У него не было там уже дел, кроме как шпионить за Хавнулом, который остался для него загадкой. Имея необходимость вернуться в Торунь, он немного надеялся, что сумеет снова навязаться старосте и его ценой совершать путешествие. Он знал, что Хавнул находился у Кечеров, но хотел отыграть роль добродушного простачка, и пошёл якобы проведать о нём у брата Антониуша в францисканский монастырь, к замку.

Найти там старого монаха, который, всегда чем-то занятый, наводил порядок в костёле, не представляло для него ни малейшего труда; тот вышел к нему с метлой в руке.

Самые тяжёлые и самые позорные для других работы были ему милее всего.

Узнал ли брат Антониуш в совместном путешествии клирика лучше, и разгадал ли в нём природу ящерицы, понять было трудно, потому что приветствовал его обычной своей мягкой улыбкой.
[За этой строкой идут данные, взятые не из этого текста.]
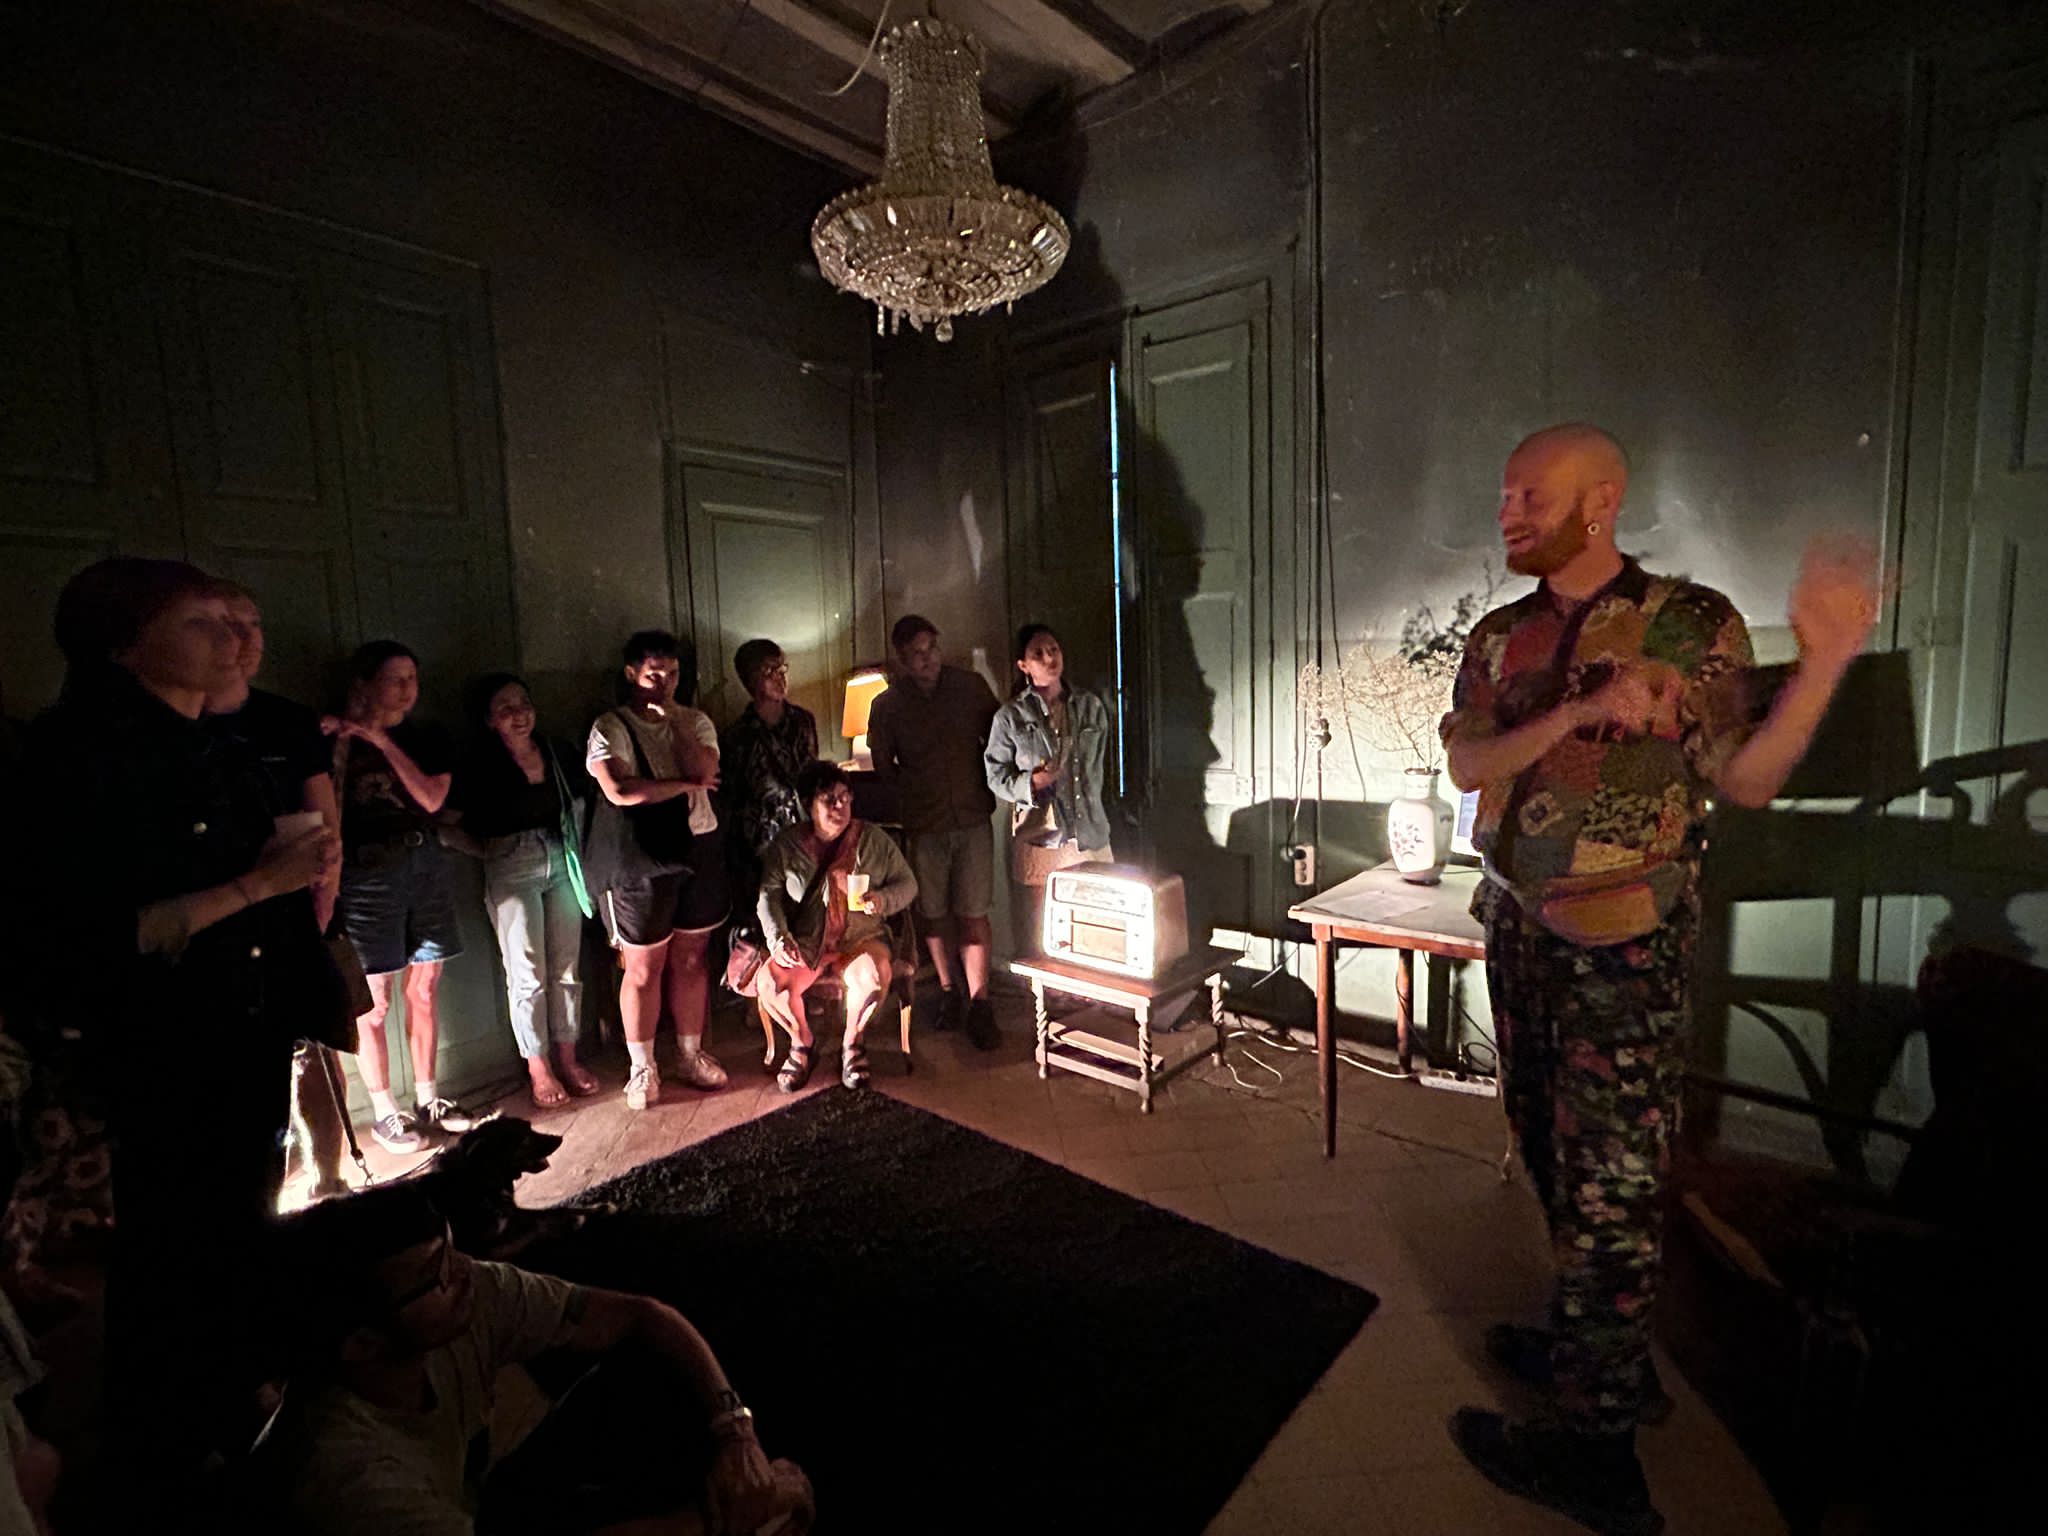 Photograph of vitling discussing the installation with a visiting exhibition audience

Клирик с удивлением и неким почтением (не искренним, а хорошо разыгранным) посмотрел на метлу в руках старца.

Поздоровавшись, Бобрек льстиво улыбался.

– Мне уже пора возвращаться в Великопольшу, – сказал он, – я не знаю, что делается с нашим купцом; если бы и ему в это время пришлось возвращаться, может, я мог бы ему послужить.

Брат Антониуш не сразу ответил, сильнее сжал метлу.
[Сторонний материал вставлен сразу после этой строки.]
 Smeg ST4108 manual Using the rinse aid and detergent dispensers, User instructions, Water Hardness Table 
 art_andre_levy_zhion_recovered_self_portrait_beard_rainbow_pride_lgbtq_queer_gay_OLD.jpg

– Ничего не знаю, – ответил он, – вероятно, я тут останусь.

– А где бы узнать о нём? – спросил Бобрек.

Подумав, монах указал ему на дом Кечера.

Капельку там постояв, клеха вернулся к рынку. Хавнул был ещё там. Он принял его холодно, с довольно мрачным лицом, объявив, что об отъезде, в силу торговых причин, довольно запутанных, ещё ничего определённого не знает, и ждать его не советует.

Клирик пытался с ним любезничать, но Хавнул был в каком-то не очень мягком настроении и не проявлял охоты к разговору. Ничем не в состоянии добиться его расположения, клеха с ним попрощался с тем, что, если он не уедет, придёт его ещё проведать.

Тем временем он шнырял по городу. Как клирик и готовящийся посвятить себя духовному сану, он имел различные связи с местными священниками. Ему не единожды удавалось раздобыть от них какую-нибудь важную информацию, но никогда ему так не везло, как сейчас.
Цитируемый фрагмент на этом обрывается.